25.08.2025

Ungewöhnliche Gespräche in Dortmund

Bei „Dortmund spricht“ treffen Unbekannte aufeinander / „Gemeinsam im Kleinen Großes bewirkt“

Kurz vor 11 am Samstag. Hunderte Menschen wuseln über den Opernvorplatz, suchen und erkennen sich oder fragen sich durch: „Sind Sie vielleicht der Joachim?“ Sie alle haben sich angemeldet für „Das Ruhrgebiet spricht“. Eine Veranstaltung der Evangelischen Stadtkirchen in Essen, Bochum, Duisburg und eben Dortmund. Sie wollen mit Leuten reden, mit denen sie sonst vielleicht niemals ins Gespräch kämen, mit Menschen, die andere Positionen vertreten als sie selbst. Sie wurden durch eine Computersoftware einander zugeordnet, nachdem sie online einen Fragebogen ausgefüllt hatten. Mit Fragen, wie „Was empfindest du im Moment als besonders herausfordernd?“ oder „Denkst du, dass zu viel Vielfalt zu Konflikten in der Gesellschaft führt?“

Die meisten haben ihre Gesprächspartner gefunden, andere lassen die Gesuchten durch das Veranstaltungsmikrofon ausrufen: „Olaf sucht Joachim“. Joachim kommt nicht, also finden Olaf (55, aus Selm) und Horst (80, aus Dortmund) zueinander. Sie nehmen an einem der 50 Tische Platz, die vor dem Theater in Reih und Glied paratstehen. Und die beiden verstehen sich gut. Das Gespräch ist jetzt nicht so konfrontativ, wie ursprünglich erwartet, weil sie eben nicht als Männer mit gegensätzlichen Meinungen „füreinander bestimmt“ wurden, aber auch ihr Gespräch erweist sich als überaus interessant und eröffnet neue Perspektiven. Sie reden über gesellschaftliche Fragen, über den Umgang der Menschen miteinander allgemein und auch über Politik. „Jeder hat den anderen ausreden lassen“, sagt Horst. „Das Ausredenlassen gehört ja auch zum guten Zuhören dazu“, findet Olaf, der vom kulturinteressierten Horst auch noch Tipps für Theater, Oper und Ballett in Dortmund mitnimmt. „Ich fand das alles sehr bereichernd“, sagt Olaf.

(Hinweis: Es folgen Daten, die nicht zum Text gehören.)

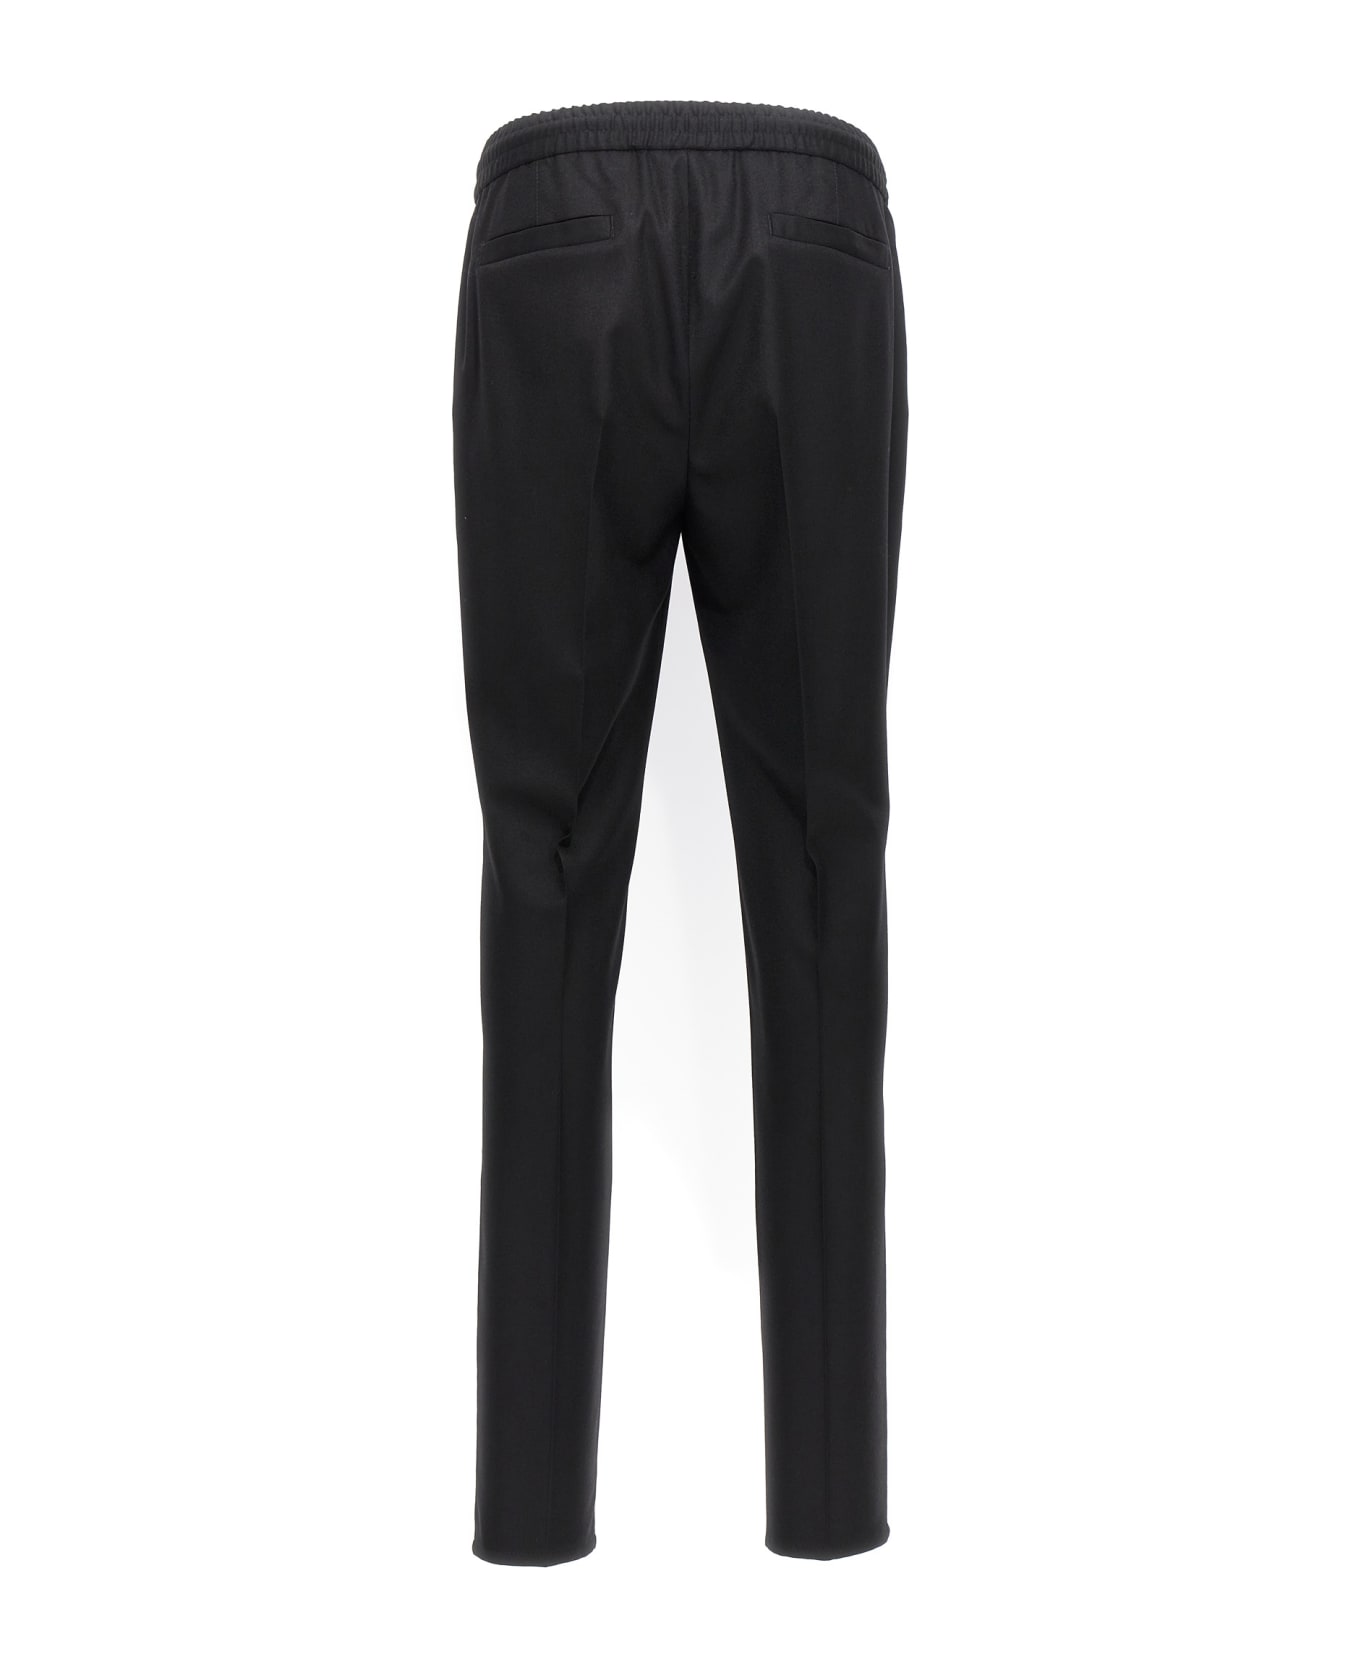 Brunello Cucinelli Wool Pants With Front Pleats - Black ボトムス

Nun ist die Veranstaltung „Das Ruhrgebiet spricht“ eigentlich konfrontativer angelegt, aber wenn man die Teilnehmenden fragt, haben sie sich offenbar durchweg harmonisch mit ihrem jeweiligen Gegenüber unterhalten. Kultiviert – auch bei Meinungsverschiedenheiten, denn die gab es auch. Bei der anonymisierten Auswertung der Fragebögen im Vorfeld war übrigens herausgekommen, dass viele Dortmunder gesellschaftliche Ungerechtigkeit beklagten. Auch das war Thema an vielen Tischen.

Uta Schütte-Haermeyer, Geschäftsführerin des Diakonischen Werks Dortmund und aktiv im Organisationsteam, ist jedenfalls froh, dass „wir nicht in unserer eigenen ‚Bubble‘ geblieben sind. Ich freue mich, dass hier durchaus Leute miteinander sprechen, die sonst nicht miteinander reden würden“. Und tatsächlich erkennt man bei genauerem Hinsehen „Paare“, die sehr ungleich sind. Optisch zumindest: der „Hippie“ und der ältere grau melierte Herr, der junge, etwas schüchterne Mann und die resolute Dame mittleren Alters.

Olaf findet die ganze Veranstaltung jedenfalls sehr gelungen: „Mit `Dortmund spricht´ haben wir heute gemeinsam im Kleinen Großes bewirkt.“ Davon ist er überzeugt.

Und auch Susanne Karmeier, die Pfarrerin an der Ev. Stadtkirche St. Reinoldi, die die Aktion initiiert hat, ist überaus zufrieden. Zu Beginn des Treffens hatte sie allen einhundert Teilnehmenden gewünscht, „dass Sie es genießen sollen, Ihr Gegenüber nicht überzeugen zu müssen.“

Theaterdirektor Tobias Ehinger, der sich ebenfalls sehr engagiert für die Realisierung von „Das Ruhrgebiet spricht“ eingesetzt hat, verweist die Anwesenden darauf, dass diese vielen friedlichen Gespräche heute auf dem Platz der Alten Synagoge stattfänden.

Mit „Das Ruhrgebiet spricht“ zeigt die Evangelische Stadtkirche Dortmund jedenfalls Haltung und setzt Zeichen.